- _GIVEN DATA_:
━━━━

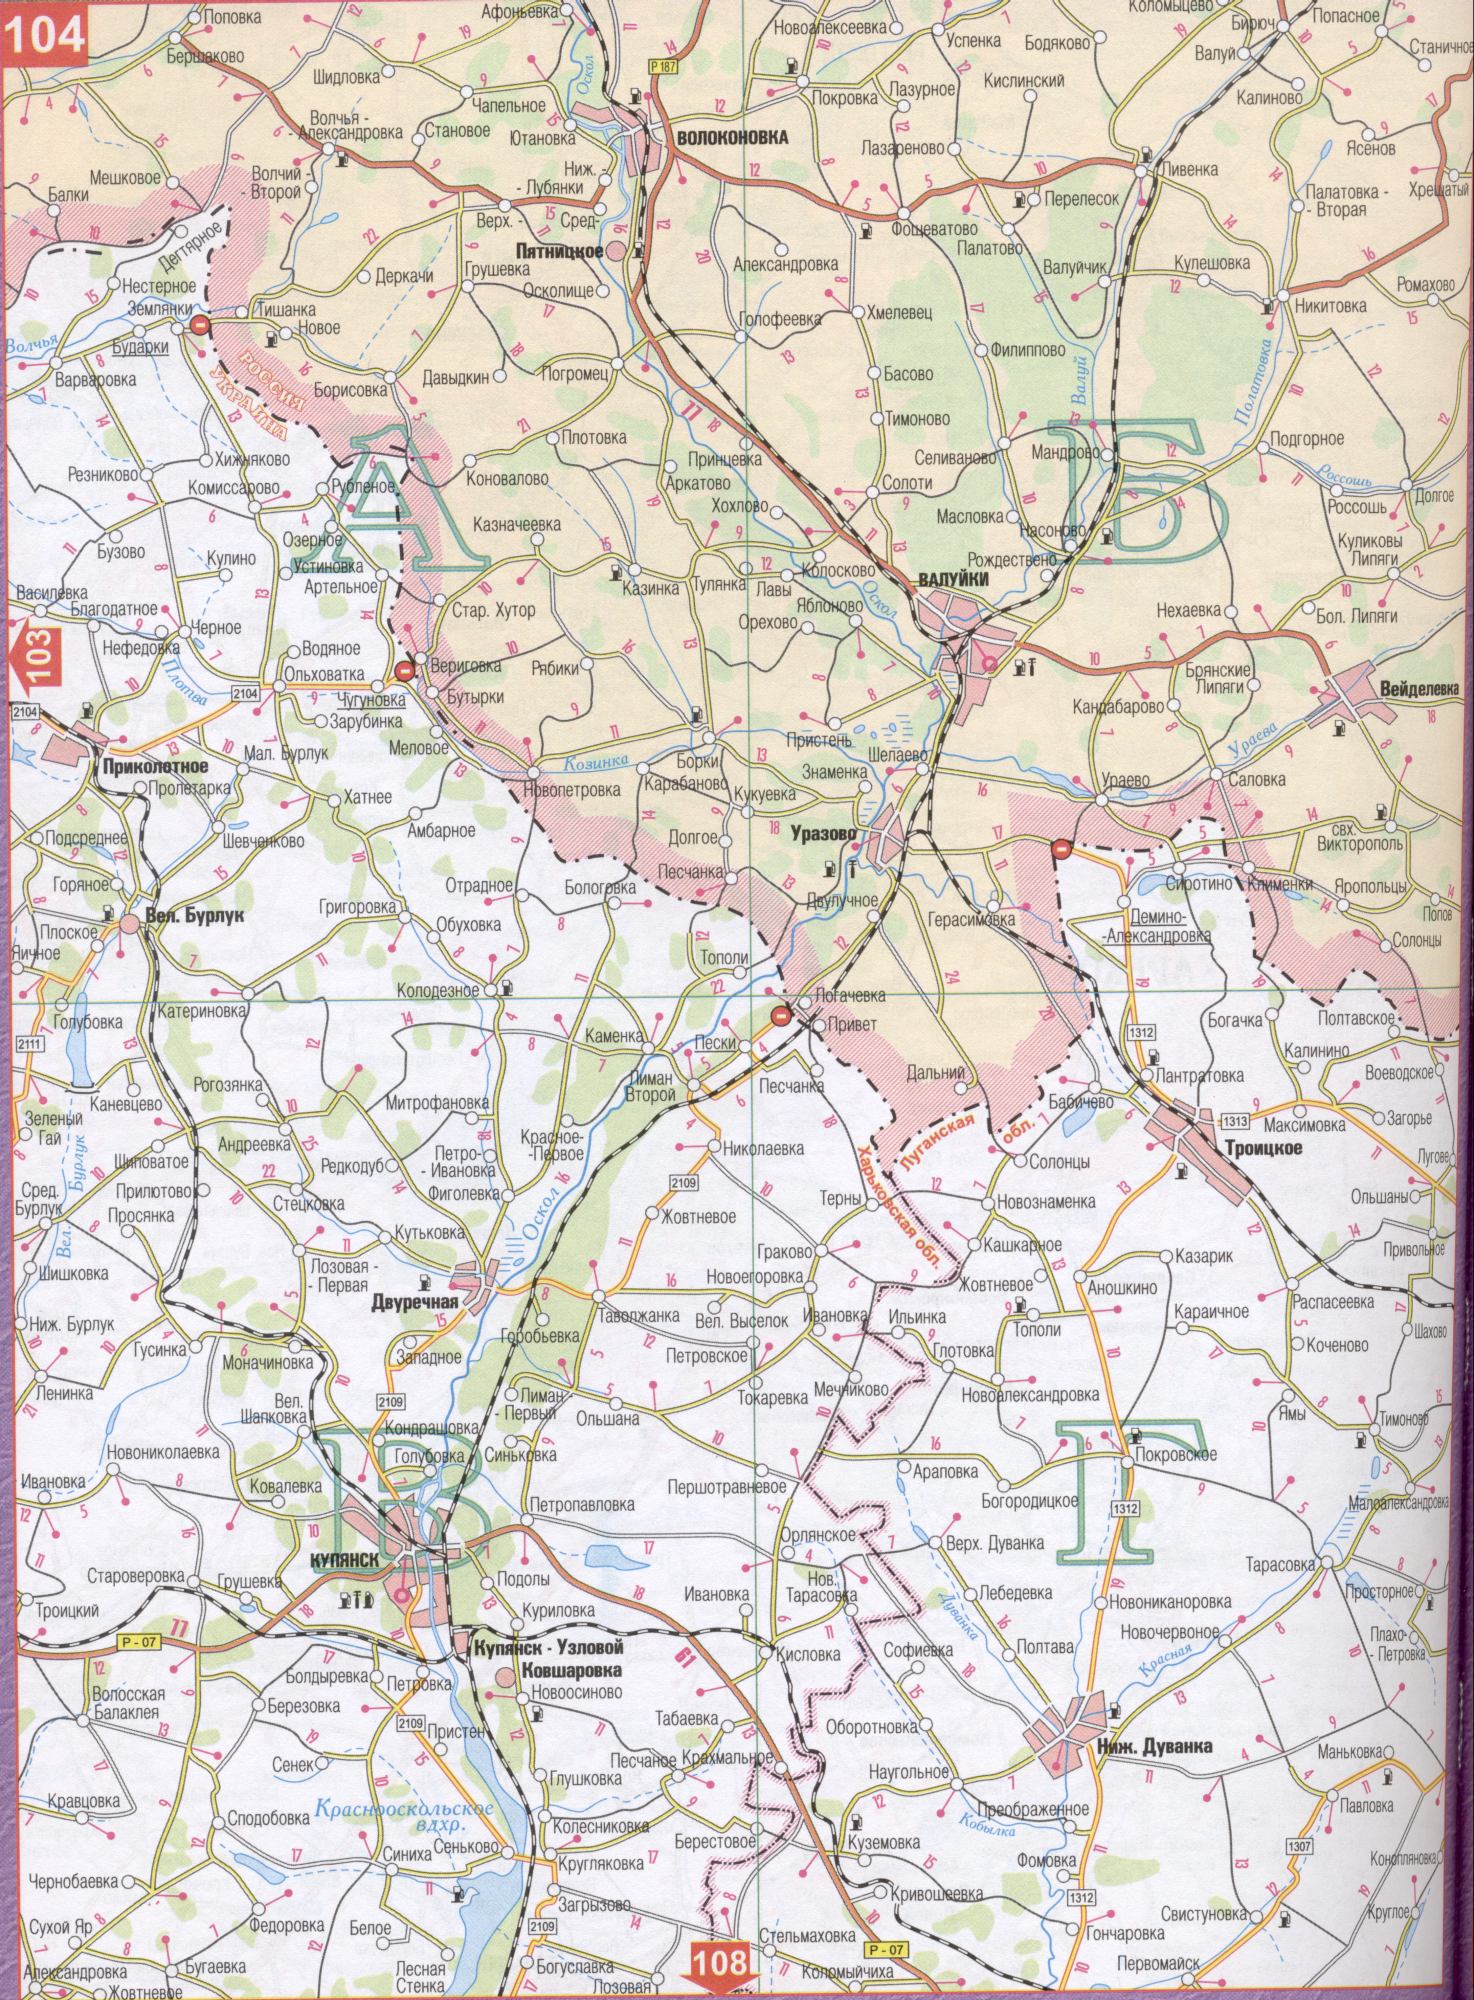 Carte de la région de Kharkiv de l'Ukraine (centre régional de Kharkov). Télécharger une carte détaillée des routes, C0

━━━━

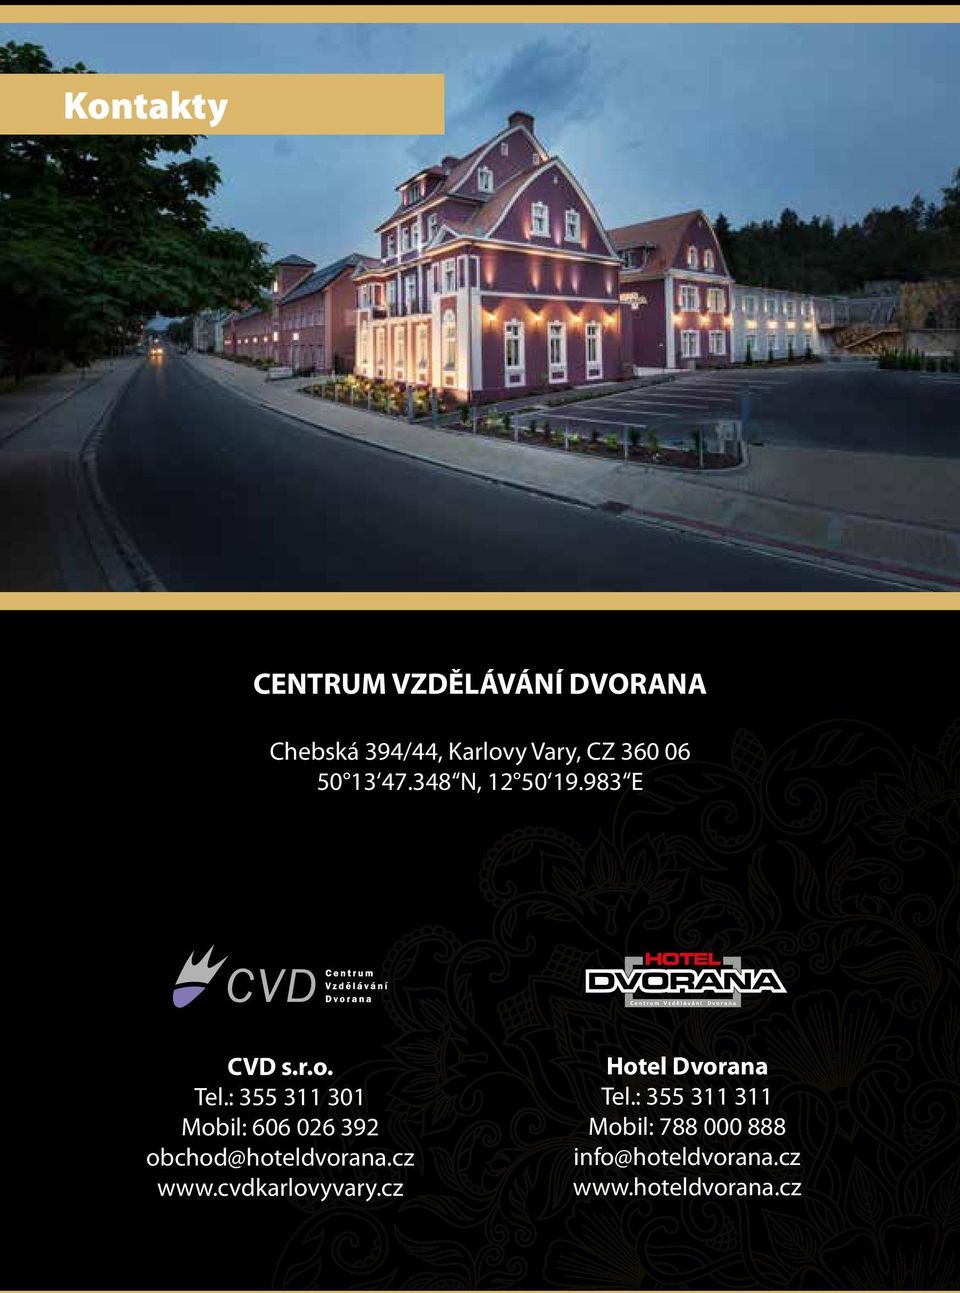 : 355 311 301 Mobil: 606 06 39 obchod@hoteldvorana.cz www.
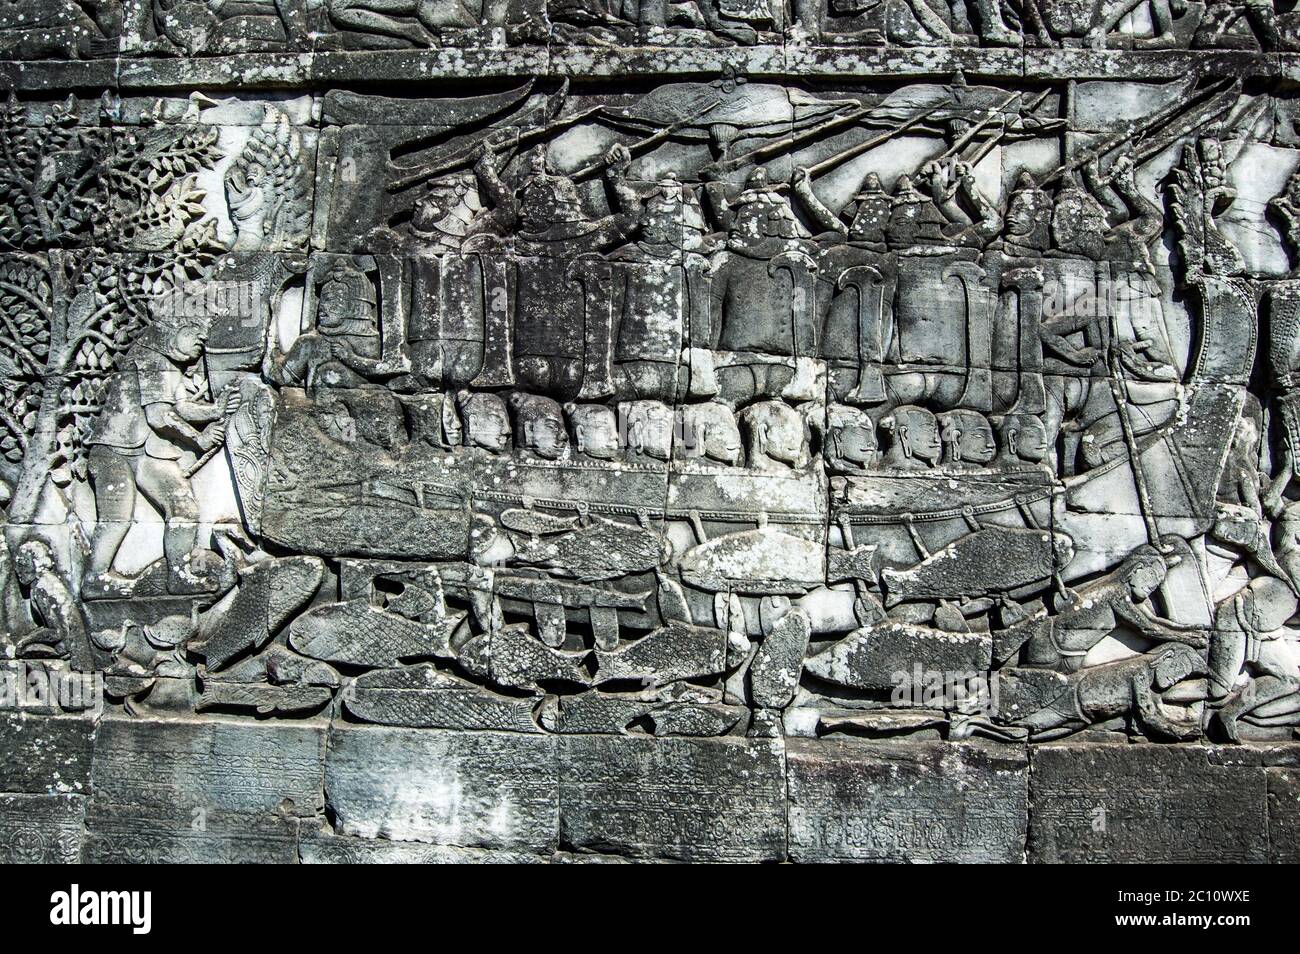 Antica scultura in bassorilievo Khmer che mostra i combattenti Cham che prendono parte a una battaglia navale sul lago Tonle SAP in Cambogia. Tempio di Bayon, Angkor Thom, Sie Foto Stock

━━━━

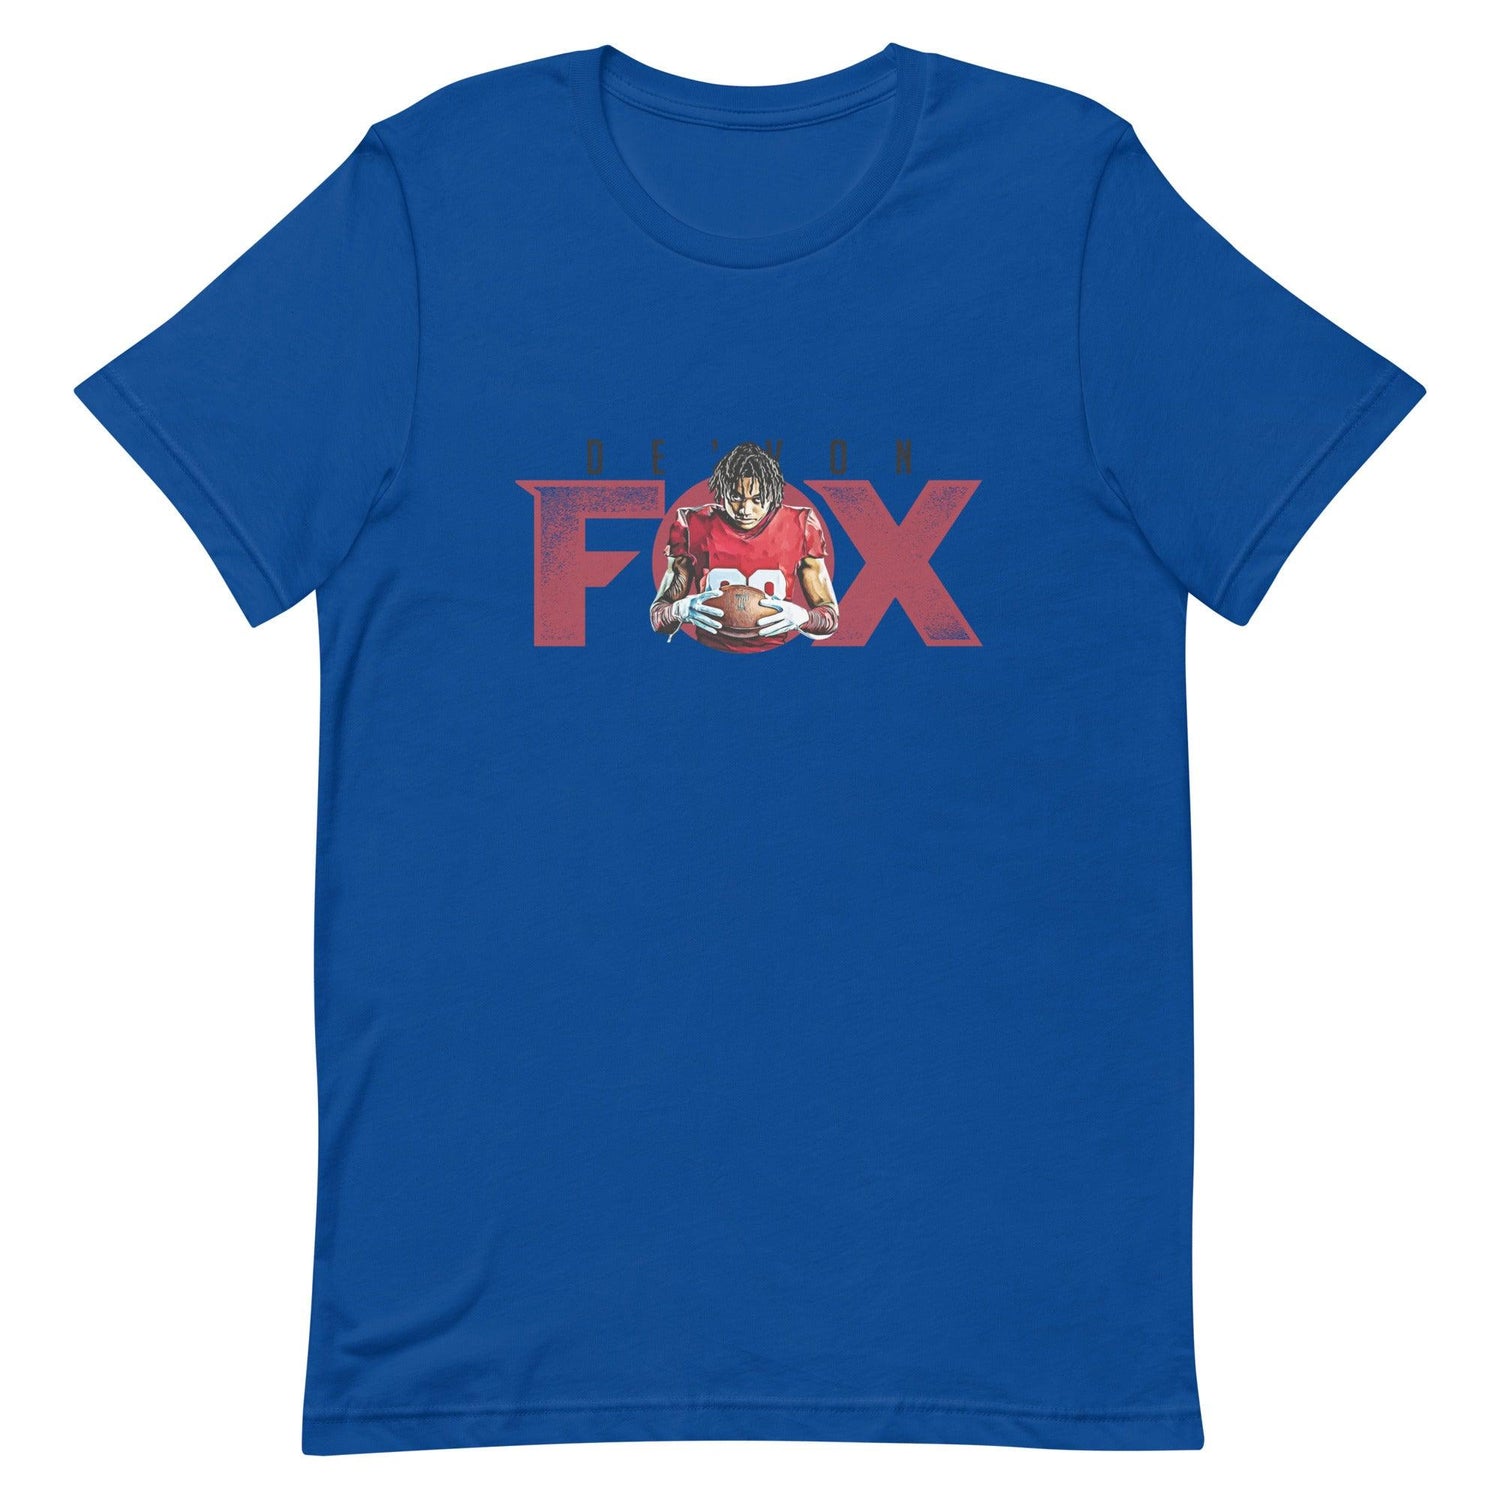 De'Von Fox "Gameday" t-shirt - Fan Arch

━━━━

- _THE TASK_: Copy exactly, without pictures, the lines above from the one with "39 obchod@hoteldvorana.cz www." down to the one with "Antica scultura in", inclusive.

- _SOLUTION TO THIS TASK_:
 : 355 311 301 Mobil: 606 06 39 obchod@hoteldvorana.cz www.
 Antica scultura in bassorilievo Khmer che mostra i combattenti Cham che prendono parte a una battaglia navale sul lago Tonle SAP in Cambogia. Tempio di Bayon, Angkor Thom, Sie Foto Stock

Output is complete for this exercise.